Entretanto, para um filme de somente 87 minutos, resta uma sensação de que a magnitude de Gal não coube nas telas do cinema. Além de terminar de forma abrupta, ao longo dos quase 90 minutos o filme deixa Gal escapar em vários momentos, conferindo mais protagonismo a outros personagens. Apesar de serem um retrato da forma reclusa como a cantora se portava, teria sido importante que o filme soubesse contornar isso, voltando os olhares a protagonista, seja por meio da câmera, ou, no caso de Gal, da voz. Além disso, nesse recorte, momentos relevantes, como o duelo com as guitarras, em 1981, que eternizou a canção que dá nome ao filme, ficaram de fora.
Ao tratar sobre a ascensão da carreira de Gal Costa, a obra acaba sendo também um retrato da Tropicália. O que, apesar de deslocar certo protagonismo à Gil e Caetano, agrada os fãs de carteirinha do movimento ao nos colocar de frente para os principais ícones tropicalistas como: Torquato Neto, Rita Lee e Tom Zé. Há de se reverenciar como esses coadjuvantes souberam trabalhar com essa reprodução de tal modo que gerou um sentimento de estarmos vendo os próprios artistas quando mais jovens.
Meu nome (não) é Gal
Se esse descuido de perda de protagonismo não custa, porém, o valor de “Meu Nome é Gal”, boa parte disso se dá pela performance de Sophie Charlote. A atriz, que em um momento prévio ao lançamento pode desapontar por sua semelhança não óbvia com a cantora, mostra ser uma escolha acertada para o filme. Inicialmente, parte do meu incômodo pessoal era a dificuldade de assimilar o caráter doce, associado às personagens de Charlote, a figura marcante de Gal. O que meu desconhecimento deixou escapar é que essa seria a grande maestria da atriz. Com seu rosto e trejeitos angelicais, Sophia soube capturar a timidez de Gal quando recém-chegada ao Rio, sem deixar de lado sua eclosão quando se entende verdadeiramente como uma grande artista.
Brasil
A utilização de imagens documentais, que ilustram o cenário de surgimento da carreira de Gal no Brasil dos anos 60, são uma excelente forma de narrar sua história, indissociavelmente associada a repressão do período militar.

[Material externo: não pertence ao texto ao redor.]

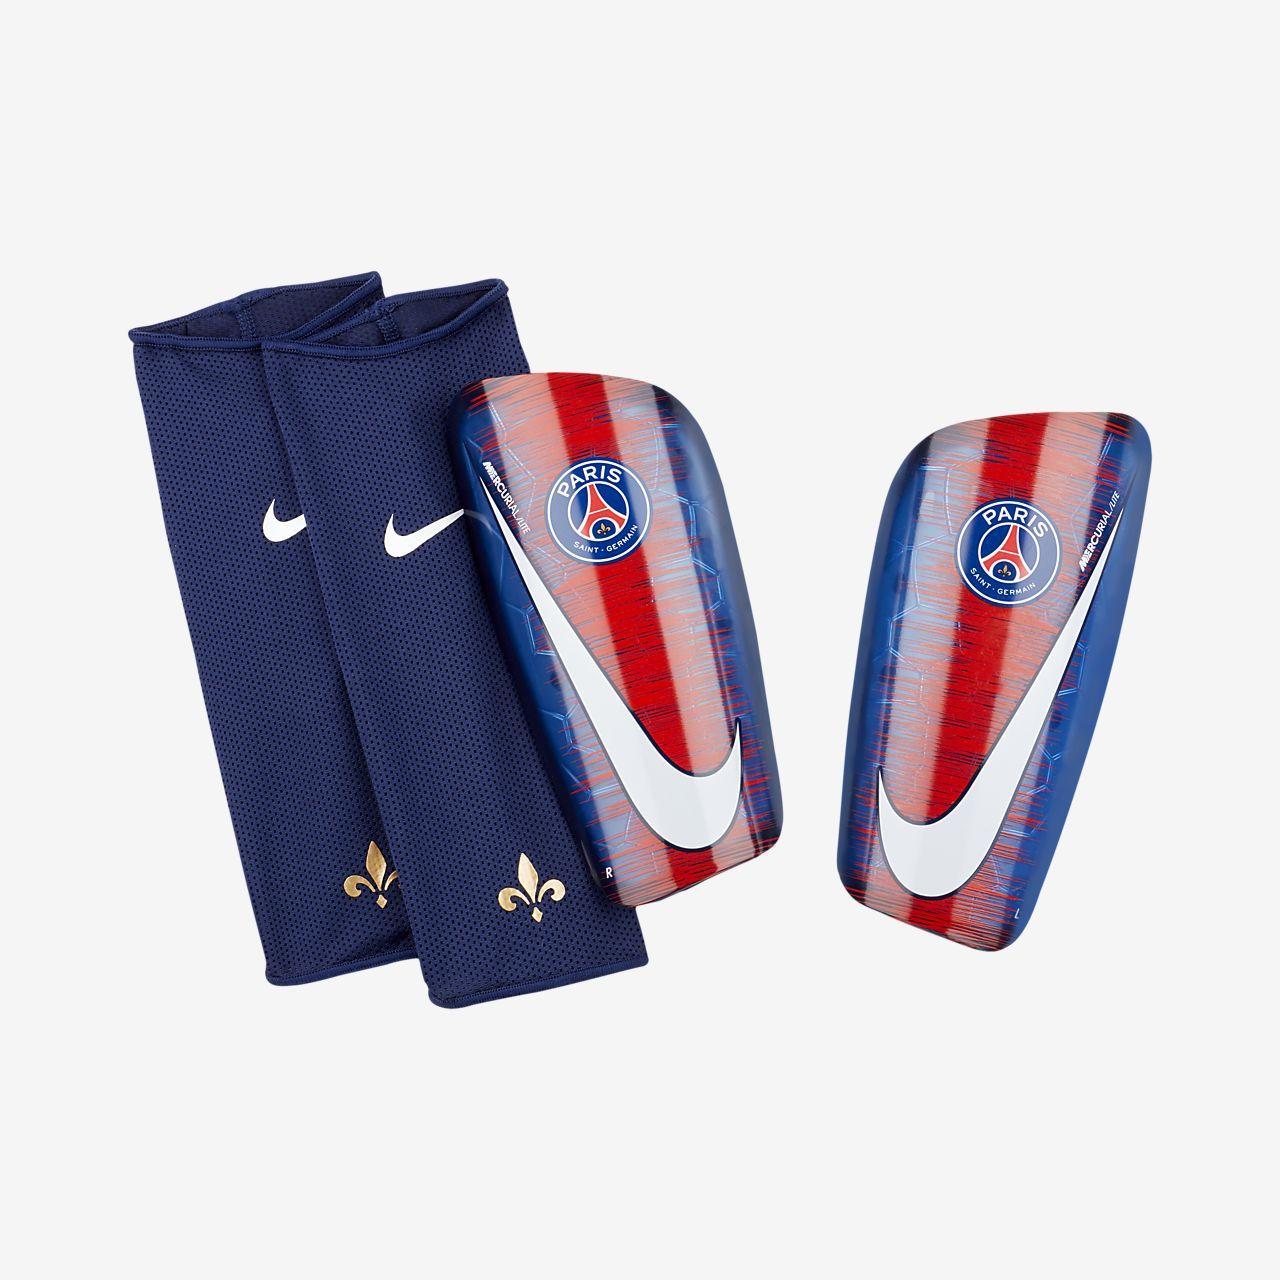 3bbab9fcecb Protège-tibias de football Paris Saint-Germain Mercurial Lite. Nike ...

Entretanto, a utilização excessiva de um filtro que simula o resultado de uma câmera analógica, tanto sobre as imagens de arquivo quanto em cenas gravadas, gera uma fadiga visual. Trata de um esforço muito deliberado e desnecessário de reproduzir uma suposta estética vintage que já está bem colocada no bom trabalho da cenografia e figurino. Ainda que funcione pontualmente, a longo prazo ela enfraquece a potência das imagens.
Força Estranha
Apesar de tratar abertamente sobre os tormentos da ditadura, o filme faz isso sem essencializar a figura da cantora como uma revolucionária inatacável, trazendo também os medos que a sondavam diante das ameaças da tortura.

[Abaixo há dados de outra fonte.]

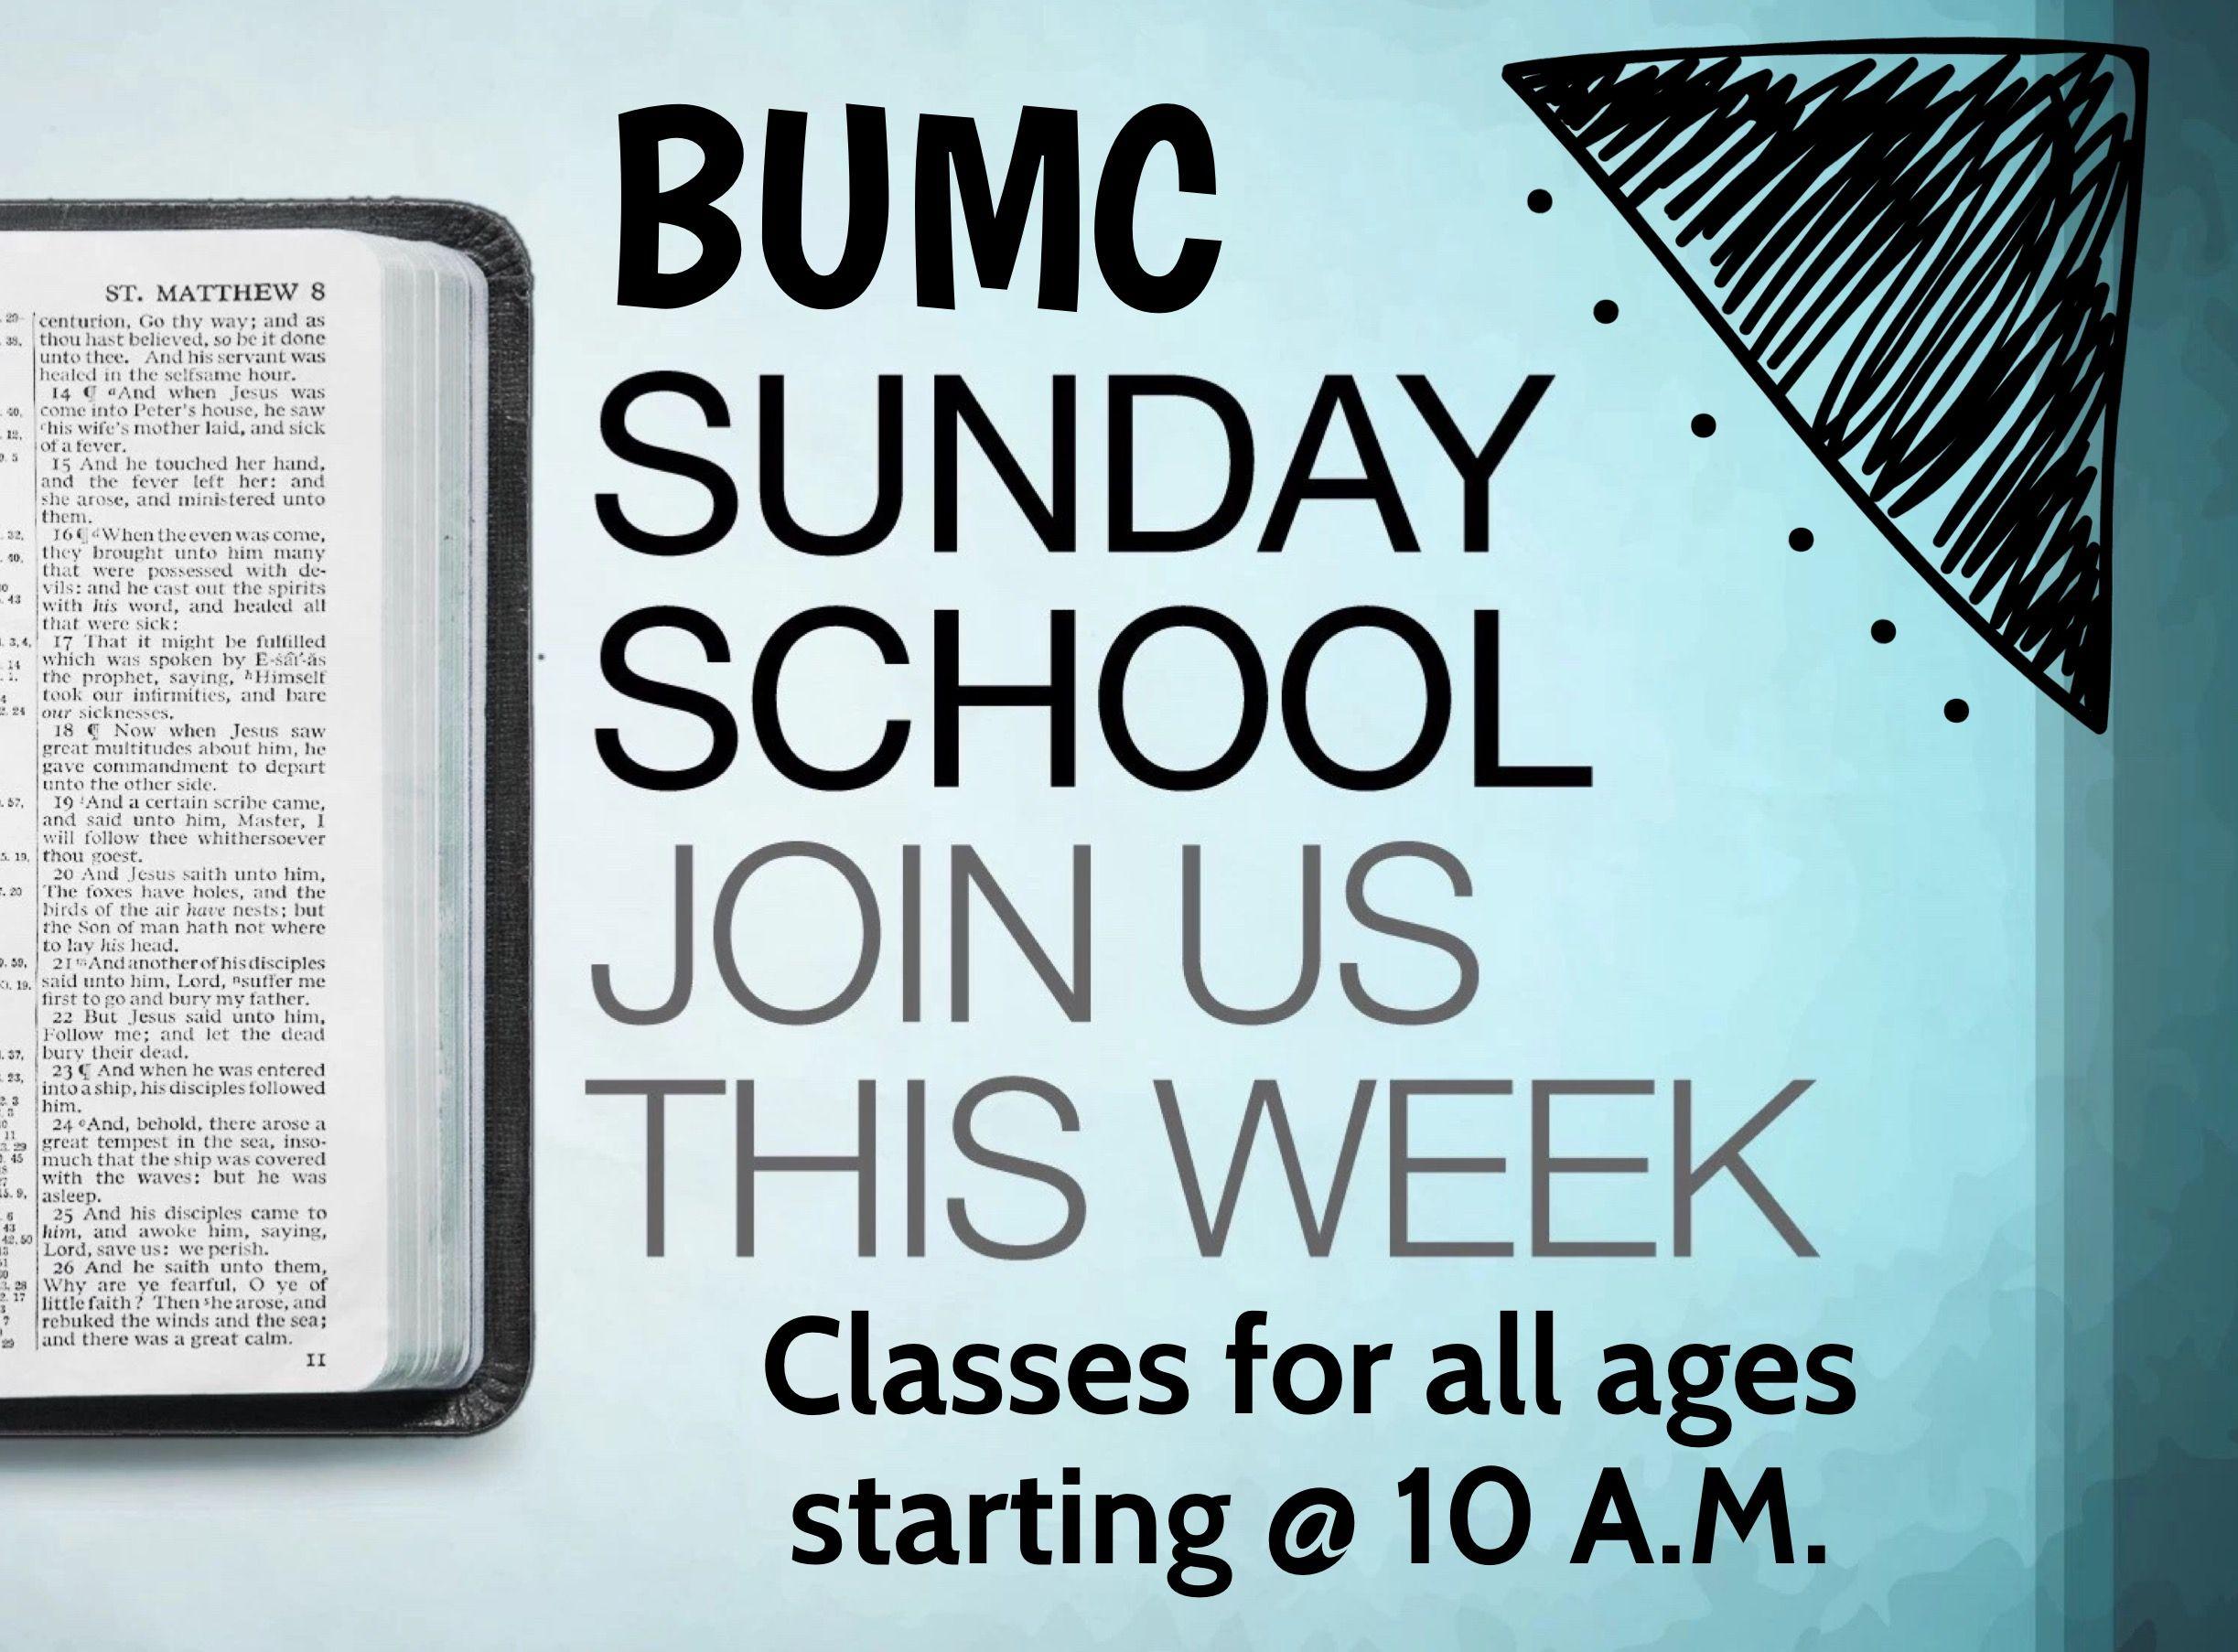 Join us weekly for sunday school sunday school saint

Sua sexualidade e relacionamentos, muito polemizados principalmente após sua morte, também emanam com naturalidade e de forma ponderada, o que demonstra o carinho dos idealizadores e deixa claro a intenção de homenagear, acima de tudo.
Essas escolhas foram fundamentais para não tirar o foco do que a própria Gal nomeou como seu único e eterno desejo: cantar. A escolha de utilizar, junto as gravações de Sophie, as irreproduzíveis canções originais foi essencial, nesse sentido, para trazer a força inenarrável de sua voz.
Apesar de valer apontamentos, é difícil criticar “Meu nome é Gal”. Sua sensibilidade com a maior voz do Brasil é encantadora e nos confere um sentimento de estarmos próximos à Gal Costa. A escolha por uma forma narrativa mais linear, que parte também desse cuidado, nos emociona na intimidade e no detalhe, mas há também de se reivindicar um final mais catártico — no completo oposto de polêmico — que desse conta da força que foi Gal Costa.